# [Source material]
■ ■ ■ ■ ■

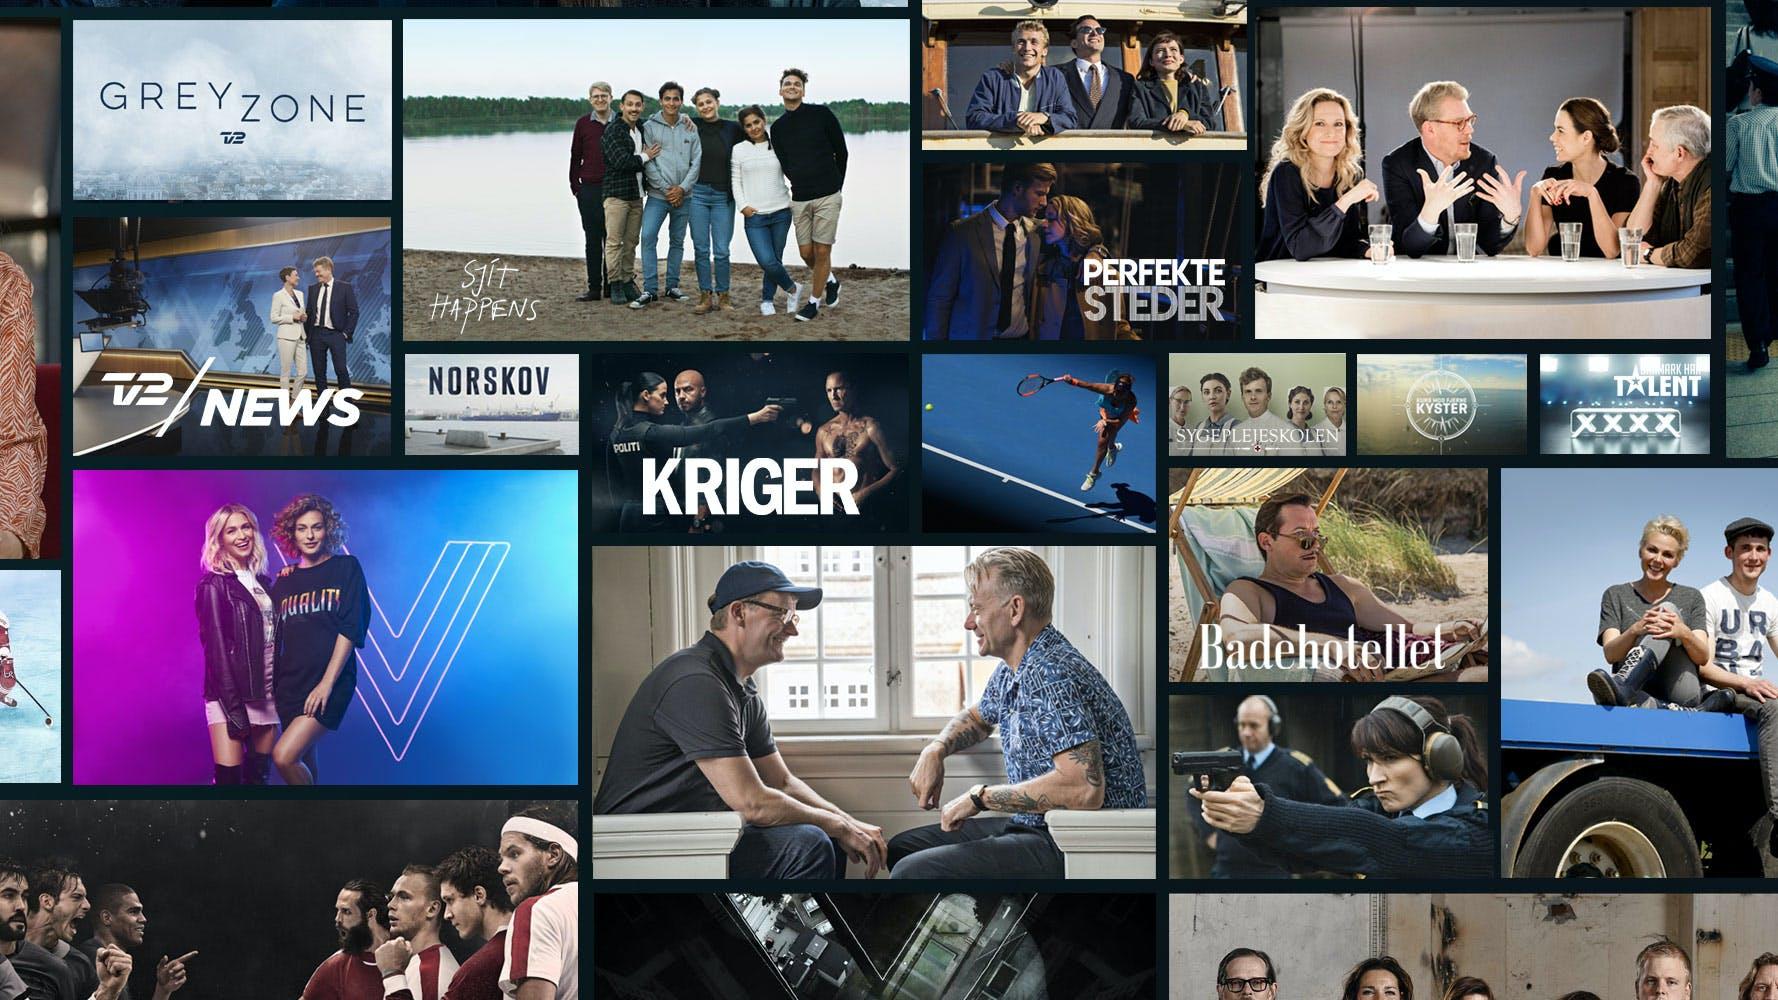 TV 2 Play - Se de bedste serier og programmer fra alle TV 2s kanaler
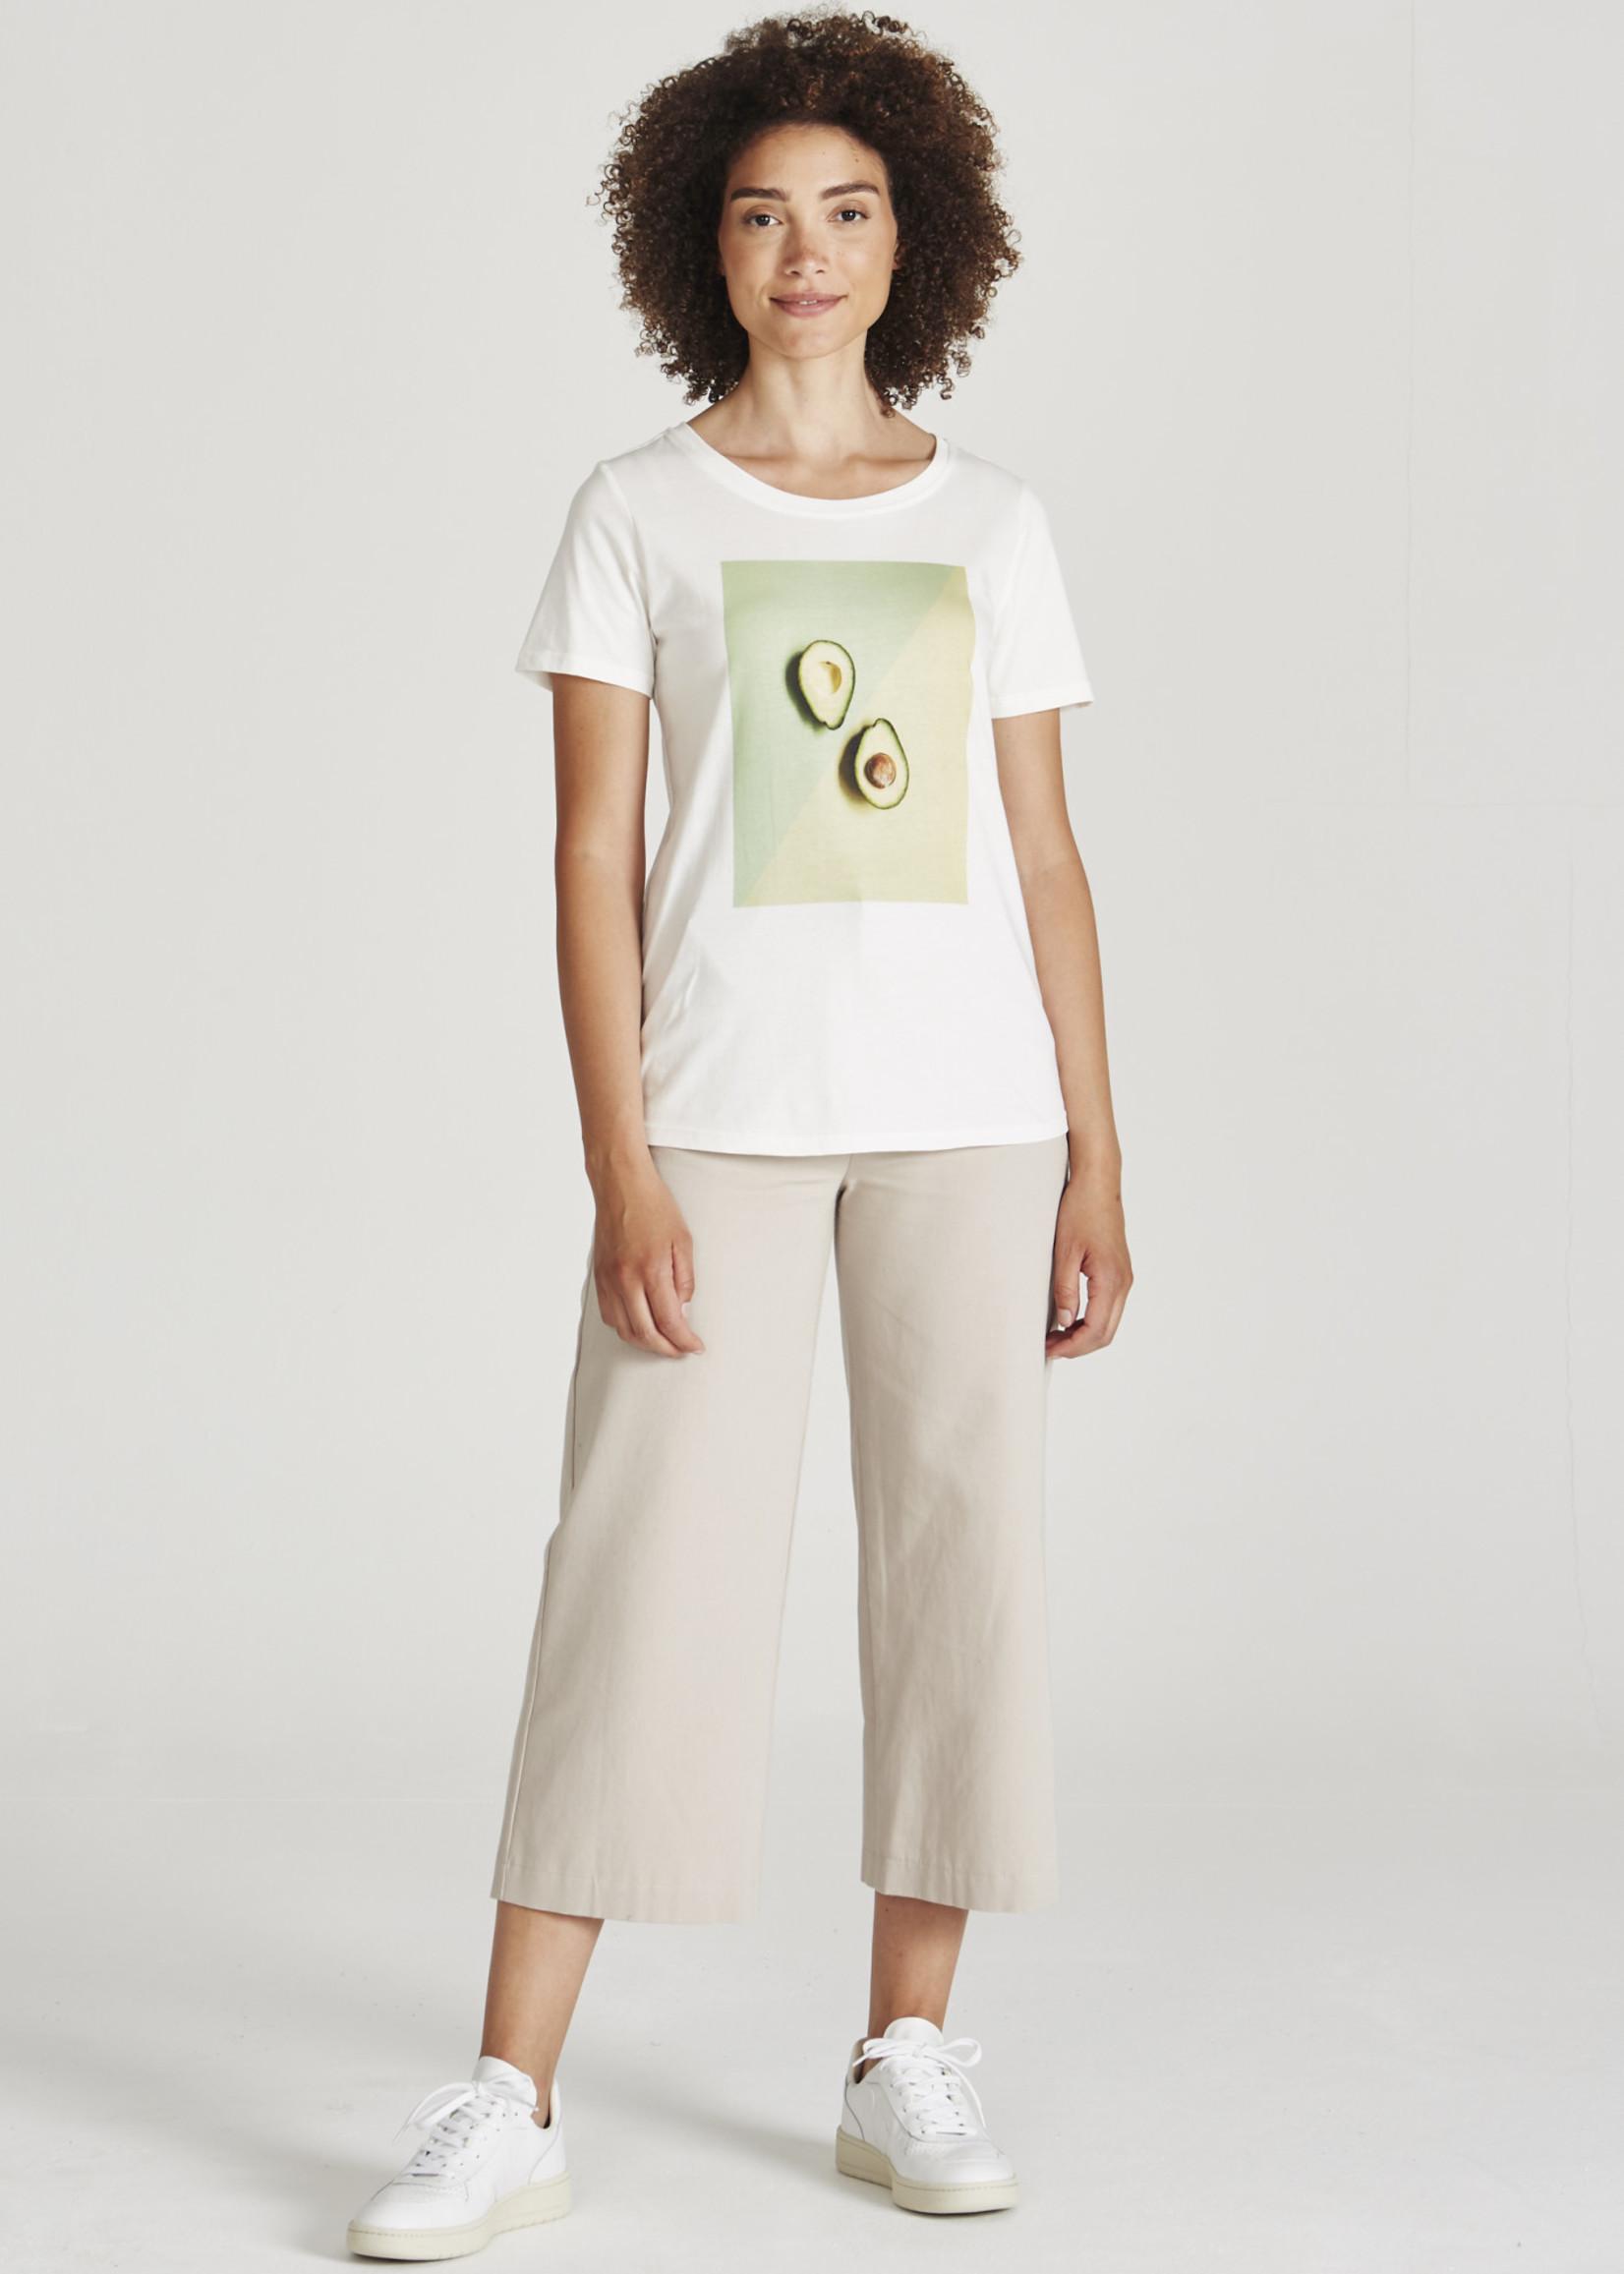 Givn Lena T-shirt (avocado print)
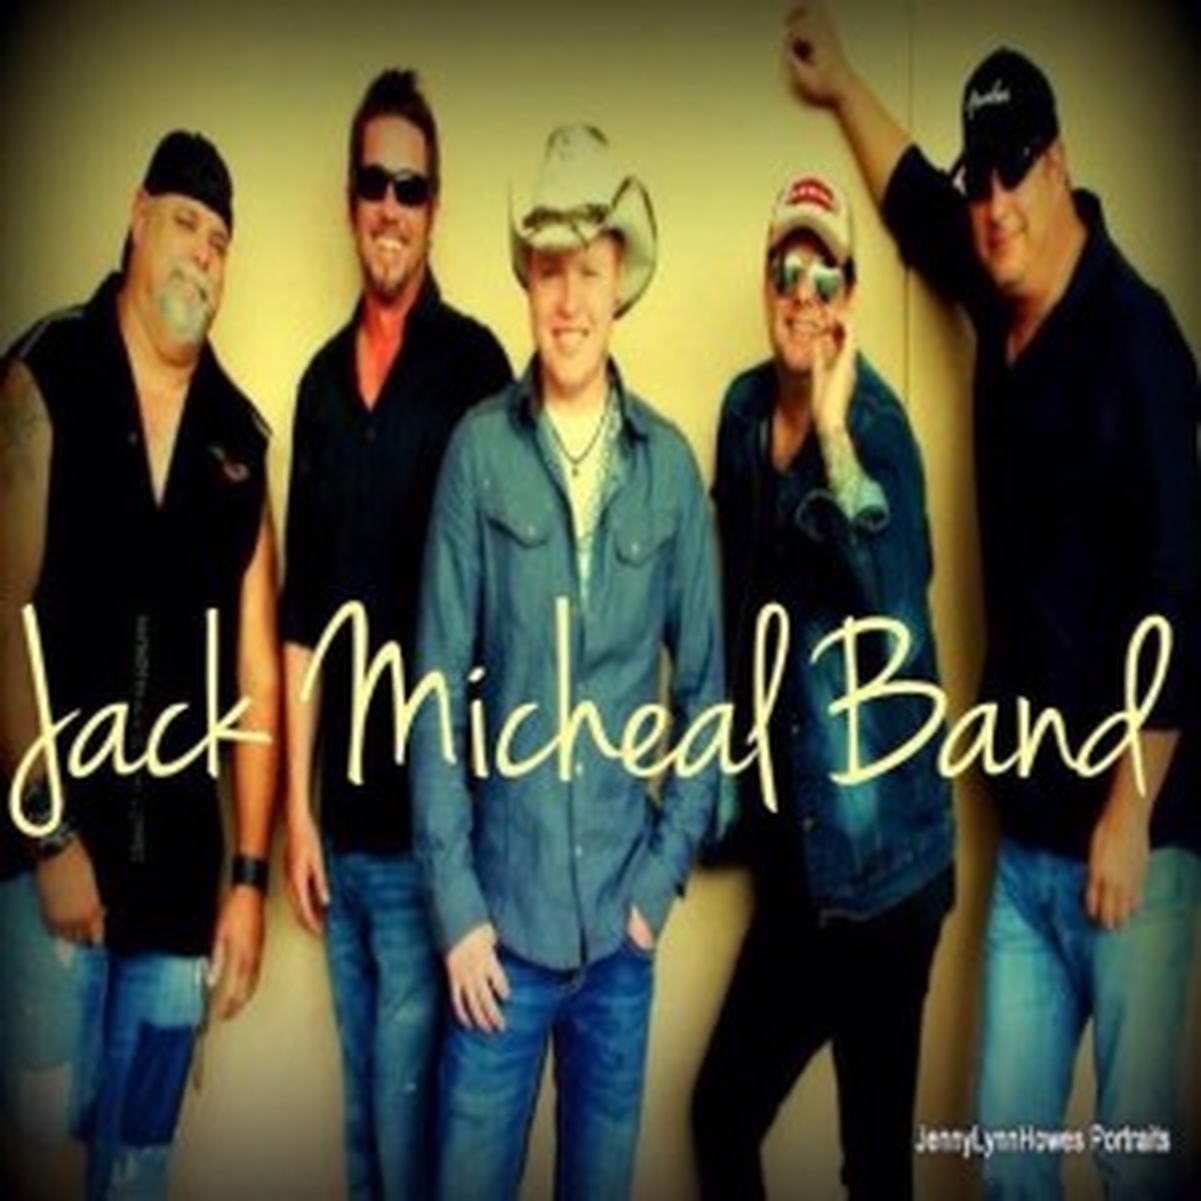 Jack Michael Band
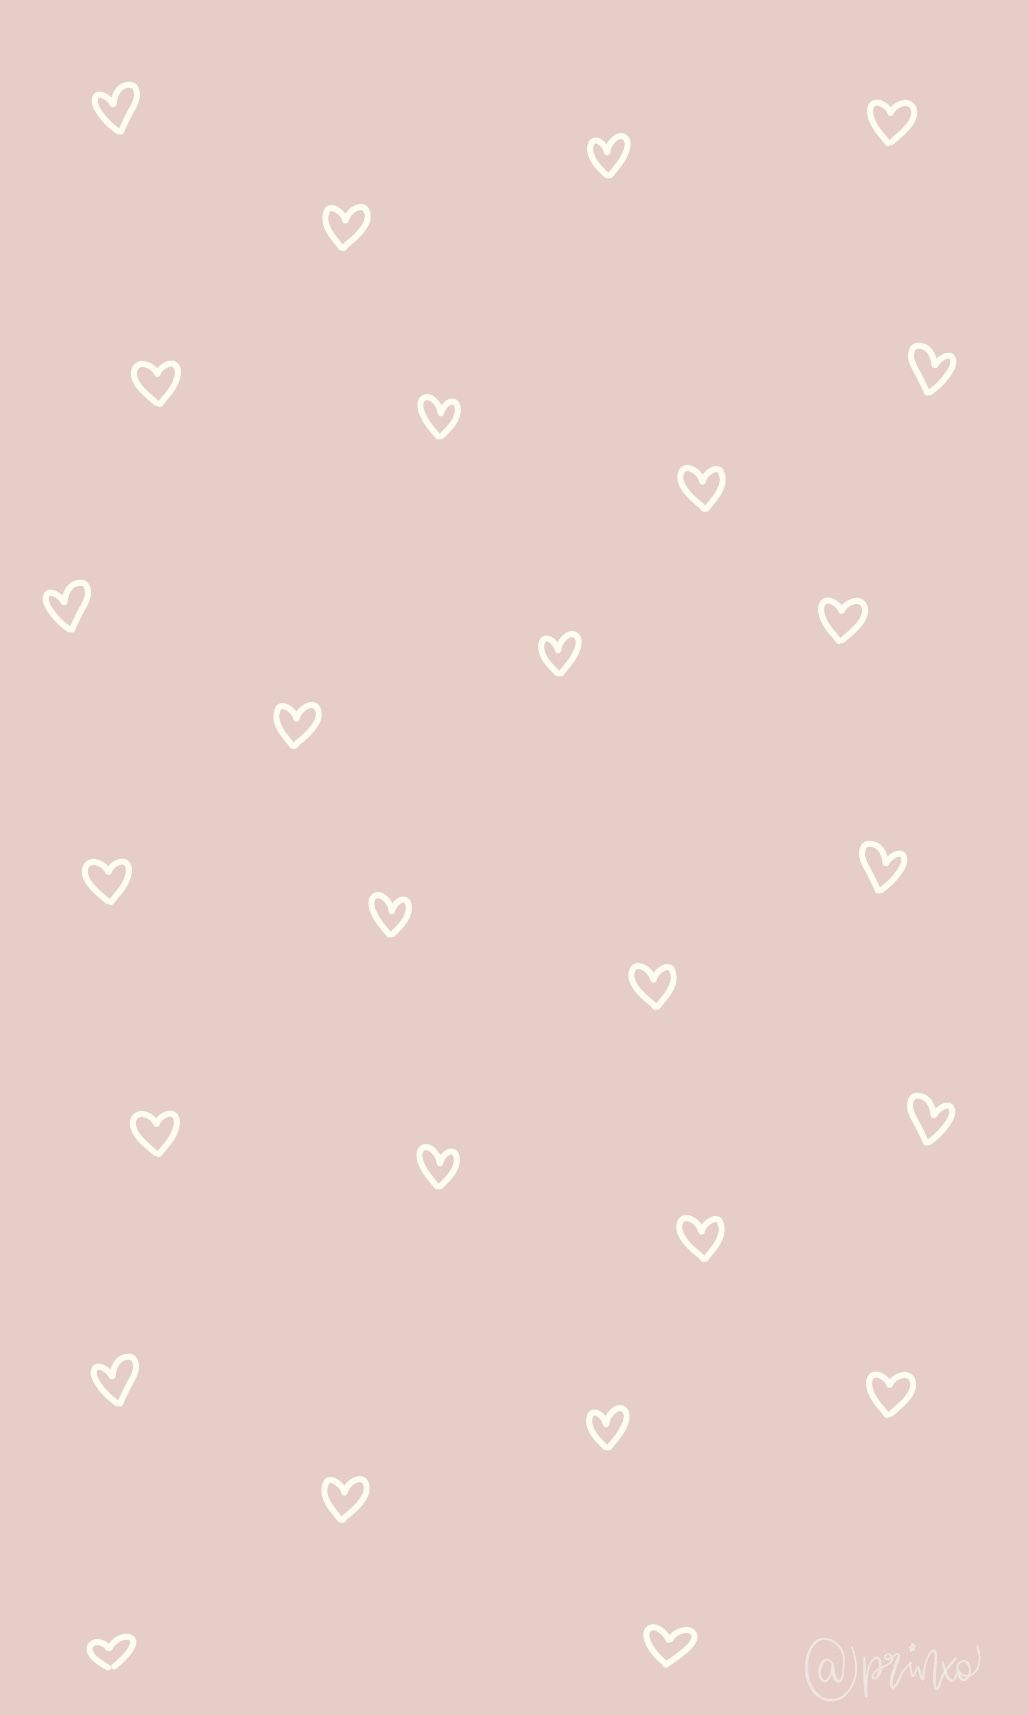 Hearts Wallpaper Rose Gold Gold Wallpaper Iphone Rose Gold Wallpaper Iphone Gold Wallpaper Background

■ ■ ■ ■ ■

What you return should be only the lines from the line with "Givn Lena T-shirt (avocado print)" through the last line of the listing above, exactly, both ends included, pictures excluded.

 Givn Lena T-shirt (avocado print)
 Jack Michael Band
 Hearts Wallpaper Rose Gold Gold Wallpaper Iphone Rose Gold Wallpaper Iphone Gold Wallpaper Background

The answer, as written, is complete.